By following through you will be able to understand the challenges, the existing setup and whether you are affected. If you are affected you could install a patch to resolve any issues until the fixes are incorporated in the official source code.

Basics

A snapshot is a read-only copy of a storage volume at the time the snapshot was generated. Though it acts as a copy of the volume, effectively the snapshot shares data with the live volume, which results in low additional storage requirements. Any changes to the live volume will not overwrite the original data, instead they will exist side-by-side until the snapshot is deleted. Since snapshots are not copies of actual data and since only small amount of meta data is written during creation, snapshots are very quick. Snapshots are great tools in backup and recovery and essentially allow you to go back in time to recover files or undo changes.

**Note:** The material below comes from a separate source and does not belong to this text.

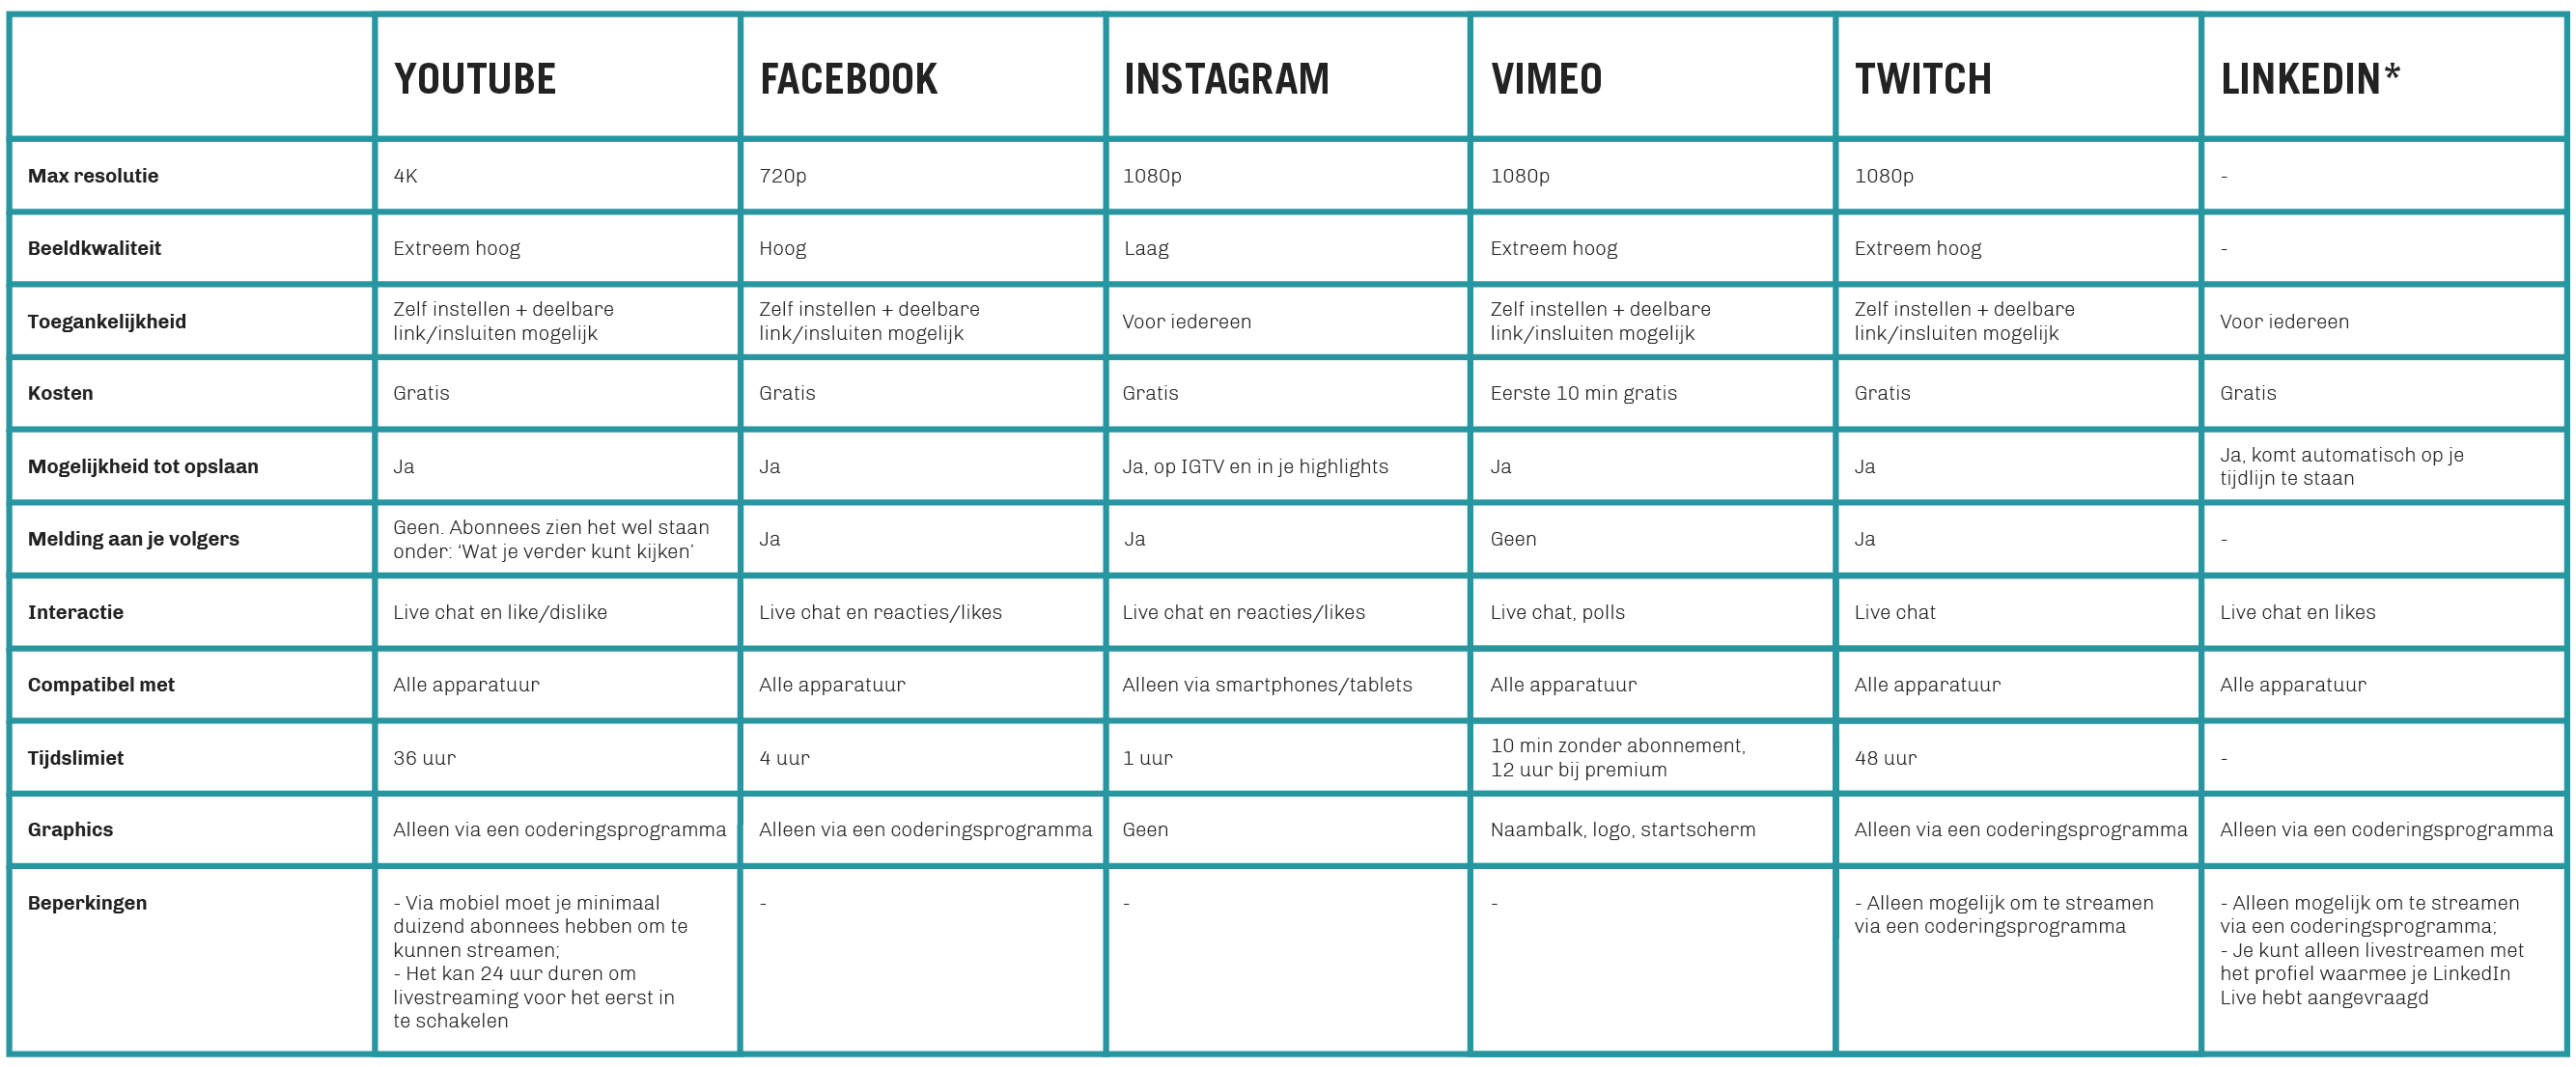 Tabel met een overzicht van alle functies, voordelen en nadelen van verschillende livestream-platformen van social media, zoals: Instagram Live, LinkedIn, Facebook, YouTube, Vimeo en Twitch.

As discussed in a previous article, storage (as most technical systems) comes in layers and different types of snapshots can be made at different layers. In this article I will deal with two types of snapshots: snapshots at the storage server layer (ZFS snapshots) and snapshots at the virtualization layer (VM snapshots). ZFS snapshots are snapshots of a volume, which may contain one or more disks of Virtual Machines (VMs) as well as other files. VM snapshots are snapshots that VMware creates of a disk or disks of a VM.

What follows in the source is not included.